The microbiota colonized on human body is renowned as “a forgotten organ” due to its big impacts on human health and disease. Recently, microbiome studies have identified a large number of microbes differentially regulated in a variety of conditions, such as disease and diet. However, methods for discovering biological patterns in the differentially regulated microbes are still limited. For this purpose, here, we developed a web-based tool named MicroPattern to discover biological patterns for a list of microbes. In addition, MicroPattern implemented and integrated an algorithm we previously presented for the calculation of disease similarity based on disease-microbe association data. MicroPattern first grouped microbes into different sets based on the associated diseases and the colonized positions. Then, for a given list of microbes, MicroPattern performed enrichment analysis of the given microbes on all of the microbe sets. Moreover, using MicroPattern, we can also calculate disease similarity based on the shared microbe associations. Finally, we confirmed the accuracy and usefulness of MicroPattern by applying it to the changed microbes under the animal-based diet condition. MicroPattern is freely available at http://www.cuilab.cn/micropattern.

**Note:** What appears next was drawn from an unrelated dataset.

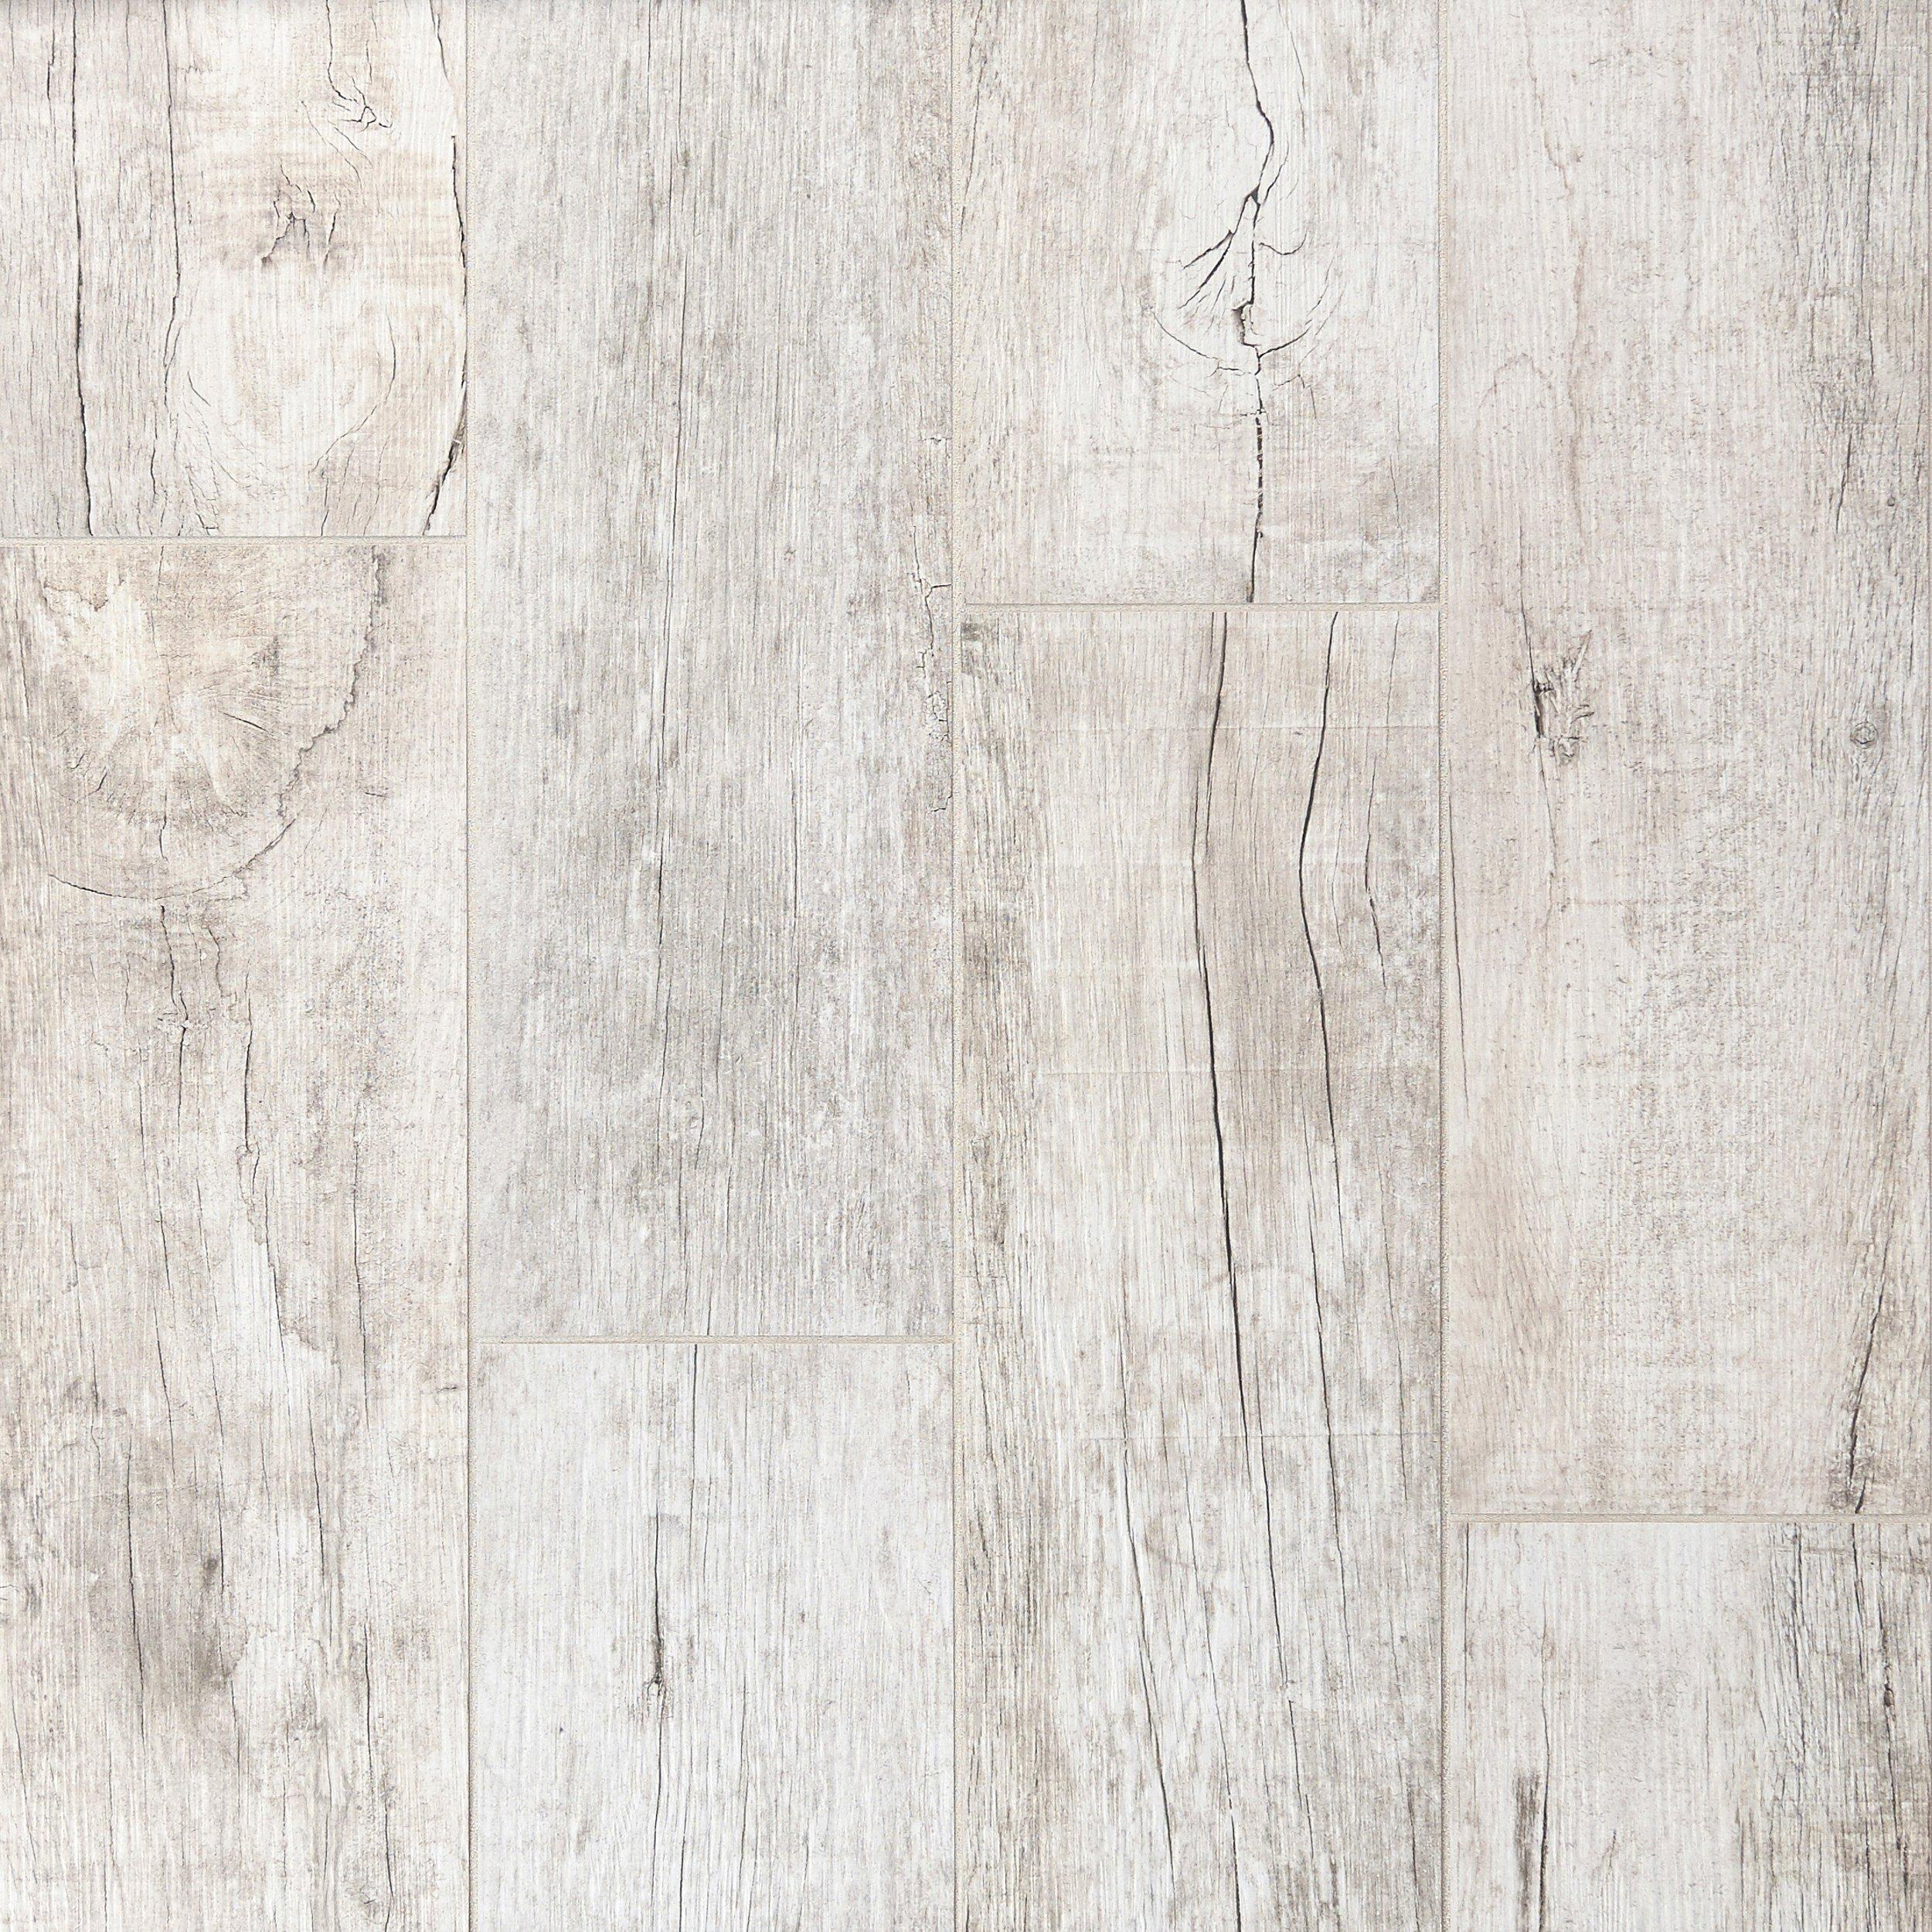 Frontier Light Wood Plank Porcelain Tile   8 X 48   100198779 | Floor And  Decor

Microbe-set enrichment analysis facilitates functional interpretation of microbiome profiling data

Article Open access 08 December 2020

Using MicrobiomeAnalyst for comprehensive statistical, functional, and meta-analysis of microbiome data

Article 15 January 2020

Analysis of microbial compositions: a review of normalization and differential abundance analysis

Article Open access 02 December 2020

Introduction

The human body houses a huge number of microorganisms which are mainly composed of bacteria, and these microorganisms inhabit a variety of human organs such as mouth, stomach, gastrointestinal tract, urogenital tract, skin and respiratory¹. In recent years, with the fast development of microbiome and meta-genome sequencing technology, many studies have identified a number of differentially regulated microorganisms under a variety of conditions and these microbes could play an important role in our health and diseases^2,3,4. For example, in the obese individuals, it was found that the number of the H₂-producing Prevotellaceae and the H₂-utilizing methanogenic archaea Methanobacteriales increased. It is known that the interspecies H₂ transfer between bacterial and archaeal species is an important mechanism for increasing energy uptake by human large intestine in obese individuals⁵. In type 1 diabetes, the butyrate-producing and lactate-utilizing bacteria were reduced⁶. In type 2 diabetes, the number of butyrate-producing bacteria was decreased while the number of sulphate reduction bacteria was increased, and the ratio of Bacteroidetes to Firmicutes as well as the ratio of Bacteroides-Prevotella group to Clostridium coccoides-Eubacterium rectale group showed a significantly positive correlation with plasma glucose concentration^7,8. Moreover, it was reported that many environmental factors could affect the components of microbiota. For example, smoking could alter gut microbiota⁹. Different delivery way of infants had different gut microbiota¹⁰. Different season or diet also had big effects on the components of microbiota^11,12. These findings provided great helps for the understanding of how microbe and human interacted under different condition.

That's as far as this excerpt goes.